Segment Start: Source material

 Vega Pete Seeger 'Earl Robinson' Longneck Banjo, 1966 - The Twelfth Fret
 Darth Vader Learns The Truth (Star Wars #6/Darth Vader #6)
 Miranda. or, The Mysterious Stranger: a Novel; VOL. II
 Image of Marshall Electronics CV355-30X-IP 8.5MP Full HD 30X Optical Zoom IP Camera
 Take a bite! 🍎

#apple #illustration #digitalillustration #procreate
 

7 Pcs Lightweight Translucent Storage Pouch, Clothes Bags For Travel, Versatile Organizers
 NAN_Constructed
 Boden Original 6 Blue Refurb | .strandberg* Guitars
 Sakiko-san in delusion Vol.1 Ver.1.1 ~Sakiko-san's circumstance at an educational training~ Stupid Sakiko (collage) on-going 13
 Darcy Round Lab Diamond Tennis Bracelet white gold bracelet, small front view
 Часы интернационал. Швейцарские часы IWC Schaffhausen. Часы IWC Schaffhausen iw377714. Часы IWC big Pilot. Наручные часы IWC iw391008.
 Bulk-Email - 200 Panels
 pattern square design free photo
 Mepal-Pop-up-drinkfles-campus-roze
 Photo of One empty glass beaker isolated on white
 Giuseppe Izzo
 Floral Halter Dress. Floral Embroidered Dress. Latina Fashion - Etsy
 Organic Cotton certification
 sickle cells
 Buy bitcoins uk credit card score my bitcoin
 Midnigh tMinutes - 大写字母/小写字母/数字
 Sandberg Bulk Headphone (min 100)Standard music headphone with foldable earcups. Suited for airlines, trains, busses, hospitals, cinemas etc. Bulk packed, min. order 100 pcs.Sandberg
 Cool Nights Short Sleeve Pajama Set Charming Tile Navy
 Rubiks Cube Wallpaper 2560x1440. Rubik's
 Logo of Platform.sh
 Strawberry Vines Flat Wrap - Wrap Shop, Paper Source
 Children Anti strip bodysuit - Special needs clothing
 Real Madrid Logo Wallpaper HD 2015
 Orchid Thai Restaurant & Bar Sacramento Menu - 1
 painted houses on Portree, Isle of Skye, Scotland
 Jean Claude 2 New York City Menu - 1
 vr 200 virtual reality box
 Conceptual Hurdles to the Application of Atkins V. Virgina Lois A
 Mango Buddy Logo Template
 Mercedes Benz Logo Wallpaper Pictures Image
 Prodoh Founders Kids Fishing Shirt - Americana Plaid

Segment End: Source material

* _The task_: All that should appear in the response is the run of lines from the first line of the entries through the line containing "#apple #illustration #digitalillustration", copied exactly.

* _Answer space_:
 Vega Pete Seeger 'Earl Robinson' Longneck Banjo, 1966 - The Twelfth Fret
 Darth Vader Learns The Truth (Star Wars #6/Darth Vader #6)
 Miranda. or, The Mysterious Stranger: a Novel; VOL. II
 Image of Marshall Electronics CV355-30X-IP 8.5MP Full HD 30X Optical Zoom IP Camera
 Take a bite! 🍎

#apple #illustration #digitalillustration #procreate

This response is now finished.